Ineffability and Responsibility, or To Hell and Back with My Sister

A Note from the Magpie:

Dear Readers,

You are about to be treated to the Mindful Magpie’s very first guest post, penned by none other than Ellen, my marvelously talented sister. Those who have not met her on this blog might like to visit this previous post and this one  , oh, and also this one to familiarize themselves with her coolness, or just jump right in! I’ll get out of the way now before she accuses me of being bossy.

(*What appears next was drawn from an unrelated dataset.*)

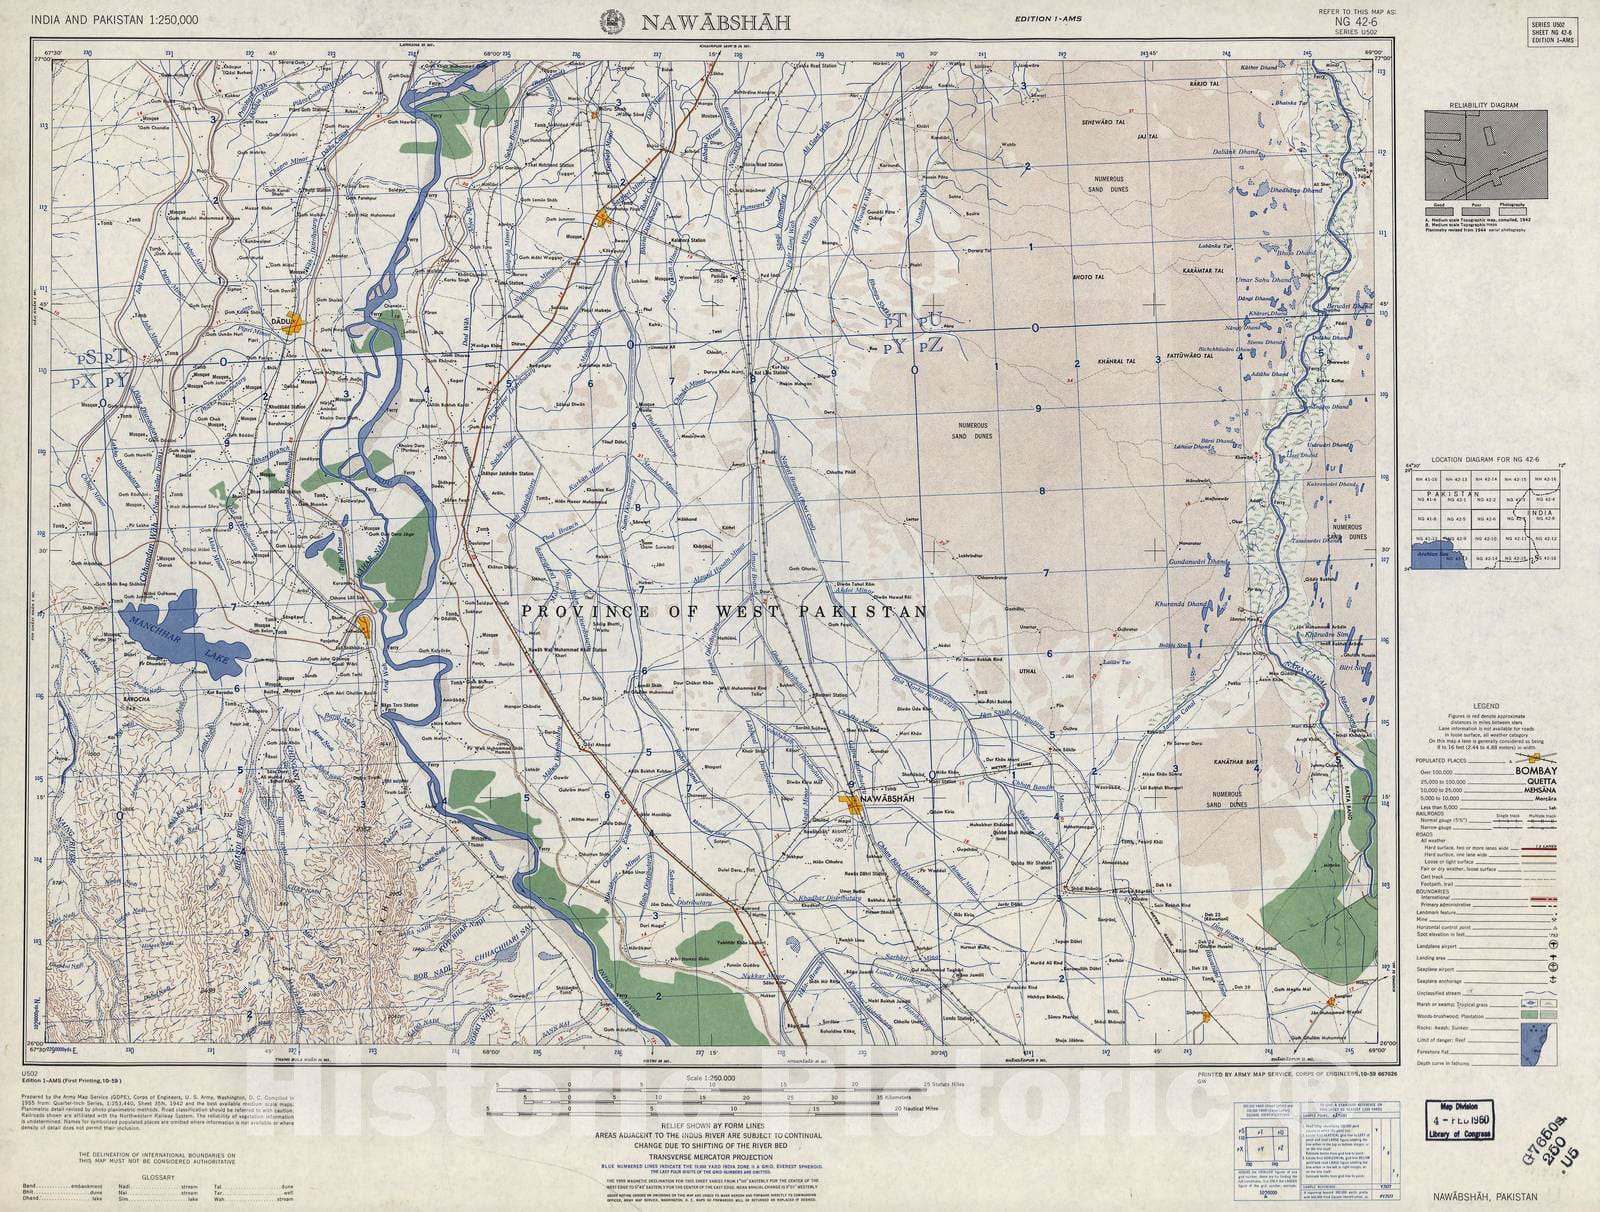 Historic 1955 Map - India and Pakistan 1:250,000. - Nawabshah, Pakistan 1959
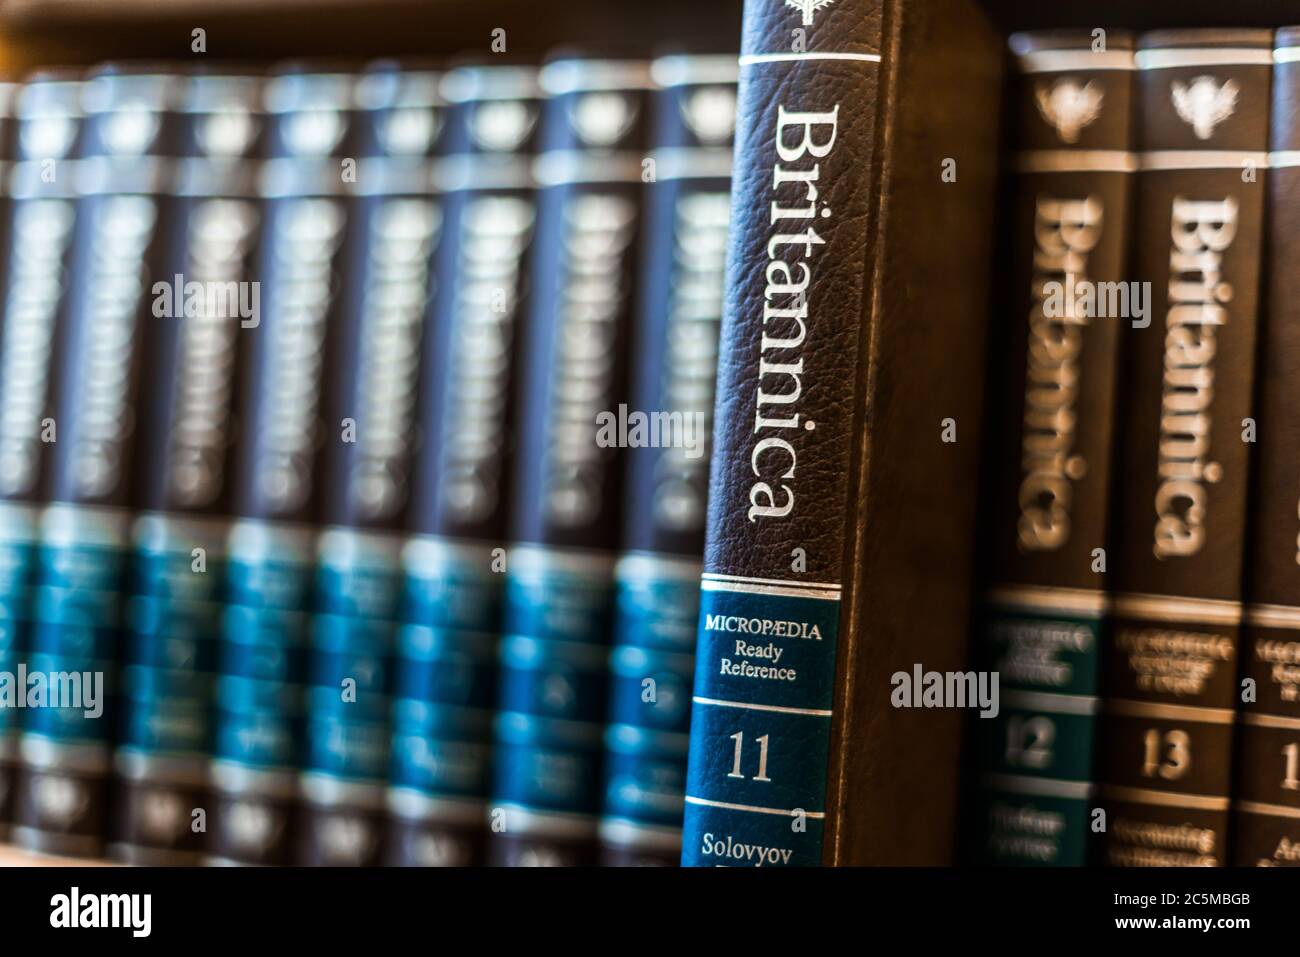 POZNAN, POL - FEB 03, 2020: Encyclopedia Britannica volumes on a shelf in a public library Stock Photo

I was rocking out to the radio as I pulled up to the little ticket dispenser at the Greensboro International Airport. Yes, you guessed it! I was on my way to visit my sister in Memphis, my hometown. The dispenser buzzed and stuck out its tongue at me. Still impressing all who might be listening with my vocal talent, I blithely yanked on the tongue to dislodge the long term parking ticket from its jaws. Let the games begin! I pulled forward into the lot without rolling up my window, so when I placed the little ticket on my dashboard as I always do, I saw it flutter gracefully out of my line of sight. No bother. I would place the little runaway in its proper spot before moving onto the terminal. Luck, I thought, was surely with me today. No sooner than I had whipped Zula, my little VW Jetta, into a strategic parking spot than the shuttle magically appeared right behind me. I’ll find that pesky parking ticket on the way home, I told myself. Meanwhile, adventure awaited me in the form of my daughter’s purple roll-on suitcase and the shuttle with its patiently purring engine. With no regrets, I nimbly hopped onto the shuttle and into my wild rumpus.

On my last night in Memphis with my sister I penned a list of activities which had filled our all-too-short time together. Yes, the list was longish (As my sister has pointed out previously, I am methodical). Yes, I really did engage in all the activities happily and willingly (As my sister has pointed out previously, I am motivated). Yes, we had used our time wisely (As my sister has pointed out previously, I am organized). Yes, yes, yes; a thousand times yes! This list, which has been displayed in my sister’s earlier post, is simply a litany of activities. It can in no way encompass what we did together in Memphis. What I achieved was the goal of spending as much time with my sister as humanly possible in the short amount of time we had together. Mini-goals included, but were not limited to, laughing uproariously and in a most unladylike manner (sorry, Mother!) on any and all pretexts; discussing issues large and small in no particular order or chronological sequence; eating some foods which either aren’t available at home or which no one else at my house likes but me-or both; and reading and discussing what we’ve read.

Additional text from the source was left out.